232. The quashment of the impugned order, does not in any manner exonerate the petitioner of his guilt. Nor does it preempt the regular enquiry into the misconduct. The law shall take its course, unhindered by any observation made in this judgement.

233. In the facts of the instant case and the material in the record, the reinstatement of the petitioner in the Ph.D. Course, shall happen in the manner and the time frame provided in the final directions.

234. The matter is remitted to the respondents.

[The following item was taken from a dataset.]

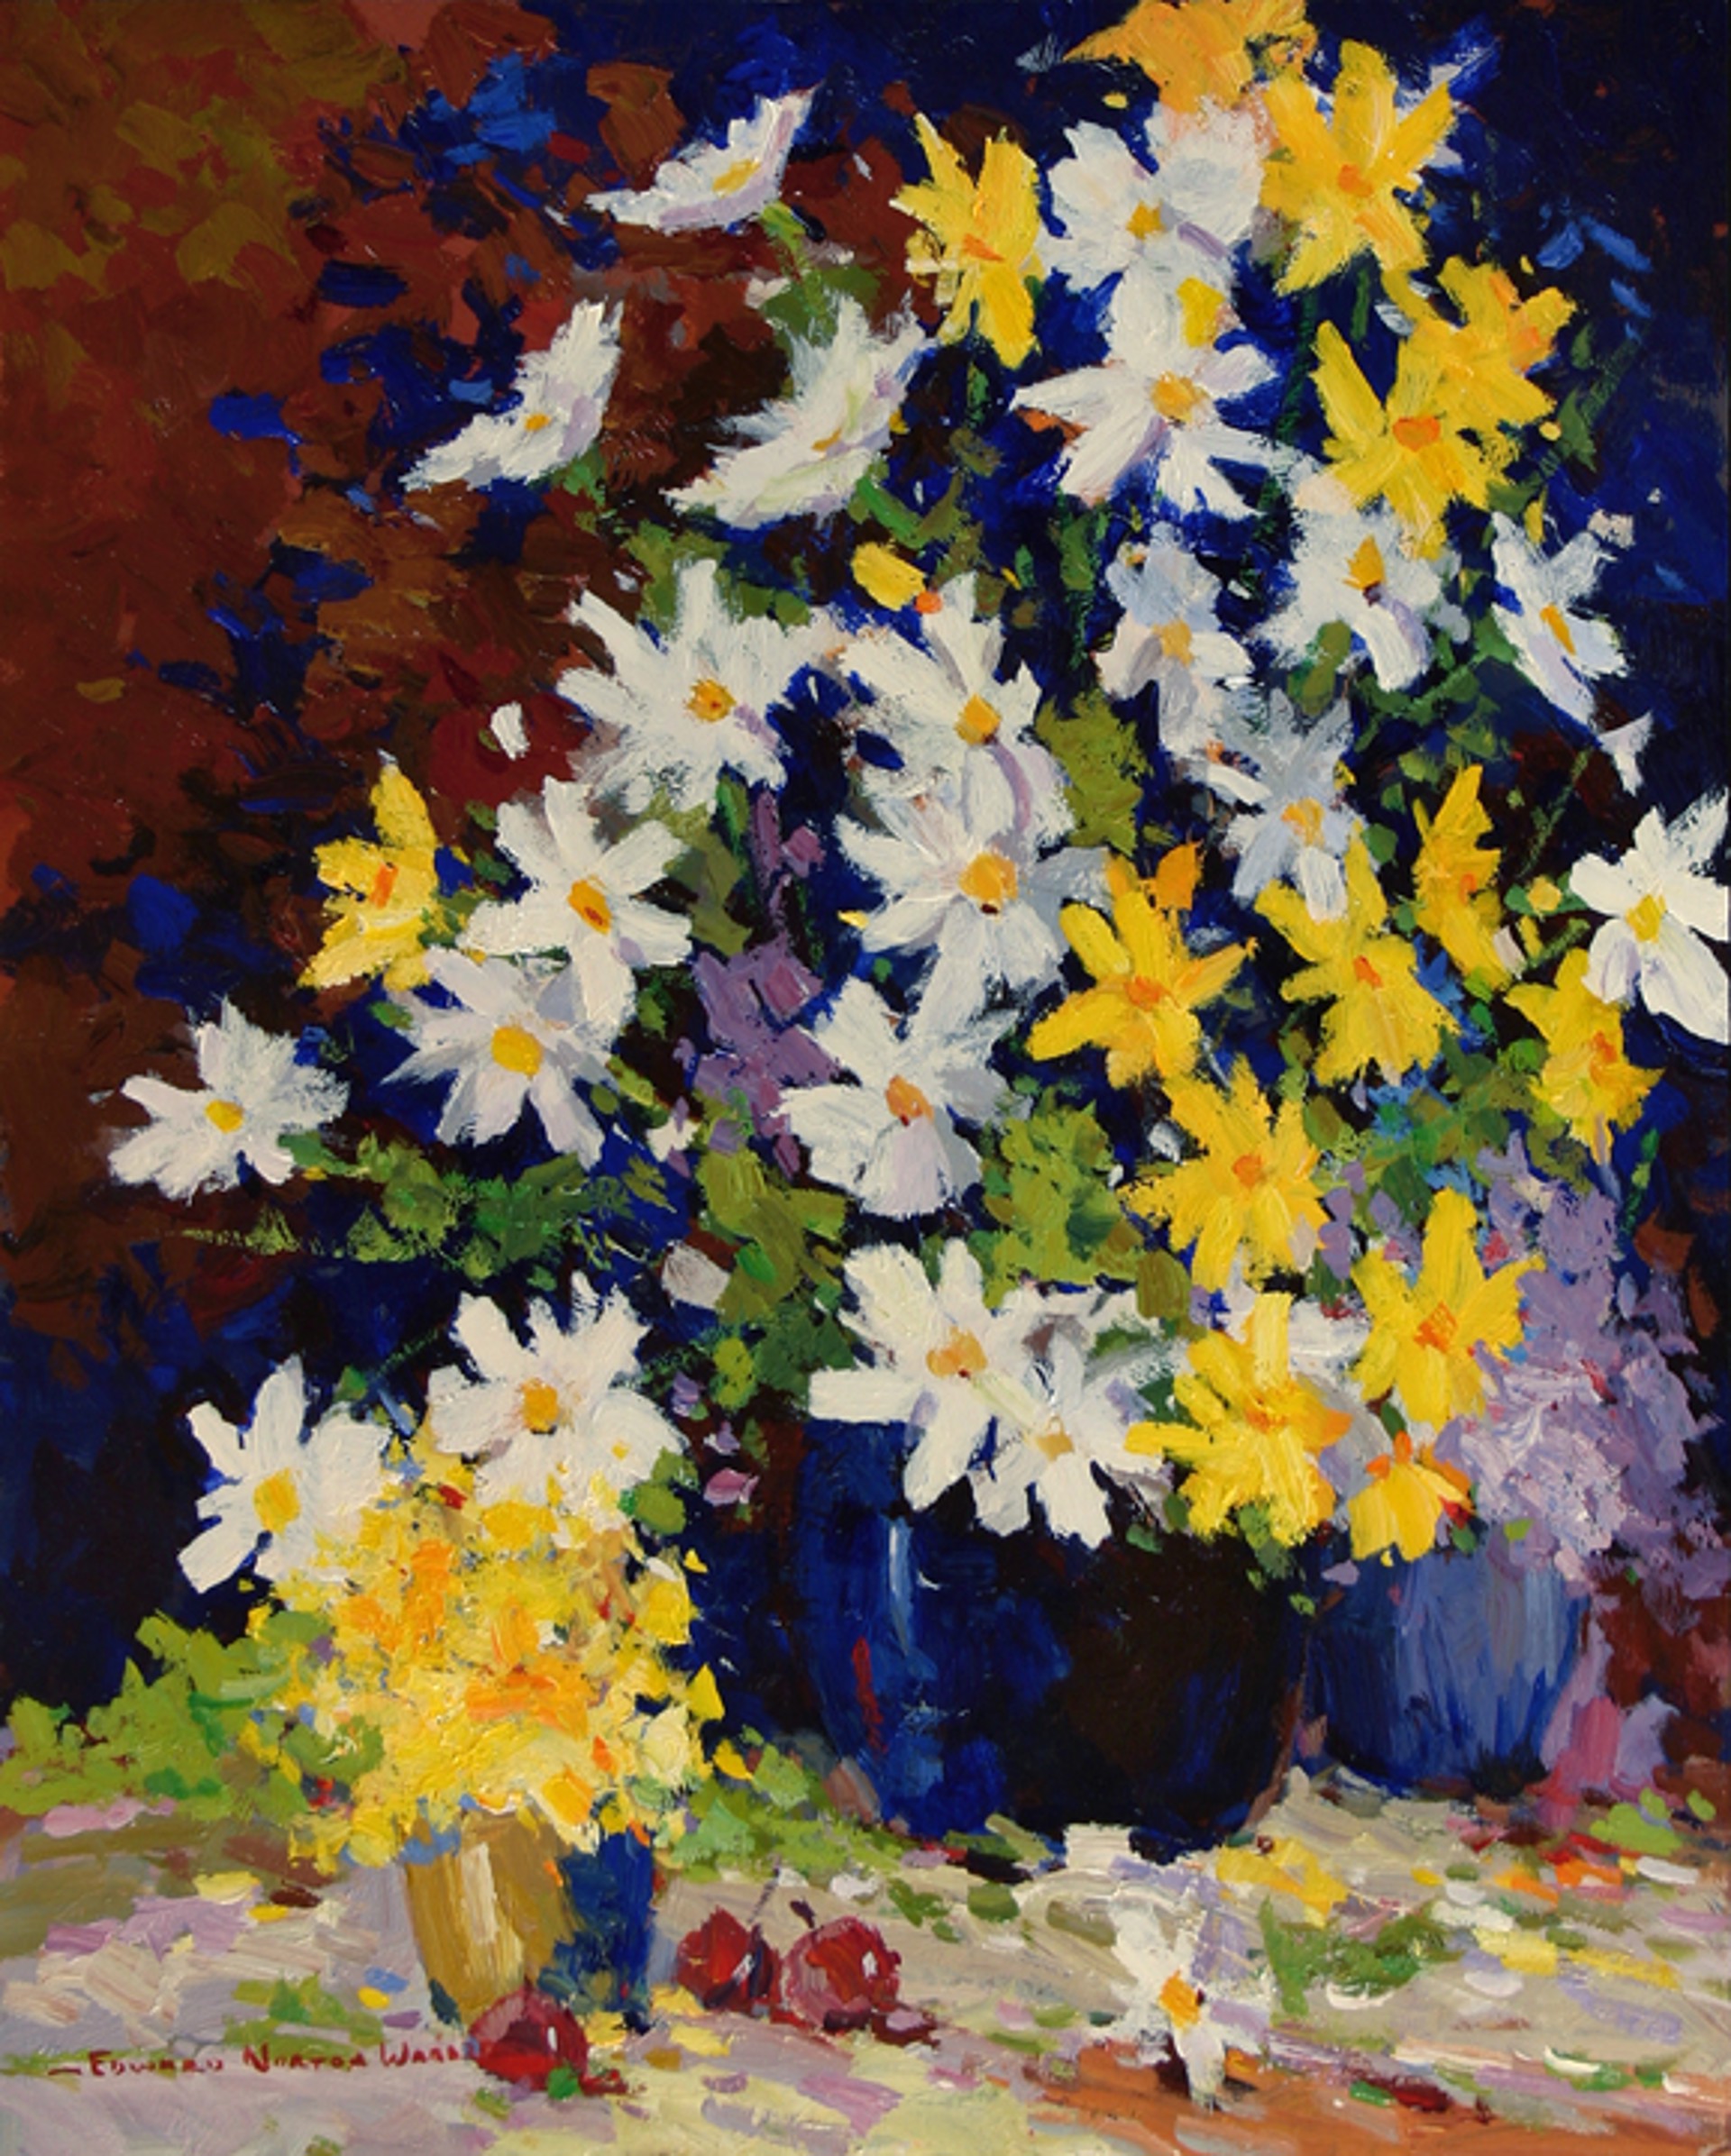 White & Yellow Daisies by Edward Norton Ward

235. A writ in the nature of mandamus is issued commanding the respective respondents to execute the following directions in the light of this judgment:

I. The University shall create a reform, self development and rehabilitation programme, for students accused of misconduct and against whom disciplinary action or any action to deny facilities of the university is proposed or taken;
II. The reform, self development and rehabilitation programme should be created after wide consultations and workshops with institutions of higher learning and research, universities, experts, student counsellors/psychologists, psychiatrists, students and other stakeholders;
III. University Grants Commission will aid the above process by providing the necessary support to the University to create, standardize and effectuate the reform, self development and rehabilitation programme in the University.
IV. The Secretary, Ministry of Human Resource Development, Government of India, New Delhi (respondent no.1 herein), shall also provide necessary support to create infrastructure in the University to effectuate the reform, self development and rehabilitation programme in the University, in light of this judgment and as per law.
V. The reform, self development and rehabilitation programmes shall be processed as per law, and integrated into the existing legal/statutory framework of the University dealing with deviant conduct and punishments.
VI. The petitioner shall be given the benefit of the reform, self development and rehabilitation programme. After the creation of the reform, self development and rehabilitation programme, the petitioner shall be reinstated as a student and permitted to continue the Ph.D. course or any other course along with the said programme.
VII. Attendance of the petitioner in the said programme shall be compulsory. An evaluation sheet of the petitioner's performance in the programme shall also be prepared.
VIII. It shall be open to the BHU to impose necessary restraints, as it deems fit, upon the petitioner even as he pursues his academic course along with the reform, self development and rehabilitation programme. These restraints may include a campus entry ban upon the petitioner, if the University deems it necessary.
IX. The exercise shall be completed, preferably, within six months, but not later than 12 months. At all times the respondents, keeping in mind the best interests of the students and the society, shall make all efforts to expedite the compliance of the directions.
X. It shall be open to the respondents to create a scheme for reform, self development and rehabilitation for convicts in criminal cases who wish to pursue further higher studies in the respondent University.
XI. The counsels for the respondents shall provide certified copy of this judgment to the Vice Chancellor, Banaras Hindu University, Varanasi (respondent no. 2 herein), the Secretary, Ministry of Human Resource Development, Union of India, New Delhi (respondent no.1 herein) and the Chairman, University Grants Commission, New Delhi (respondent no. 6 herein), for necessary compliances.

236. The writ petition is allowed to the extent and manner indicated above.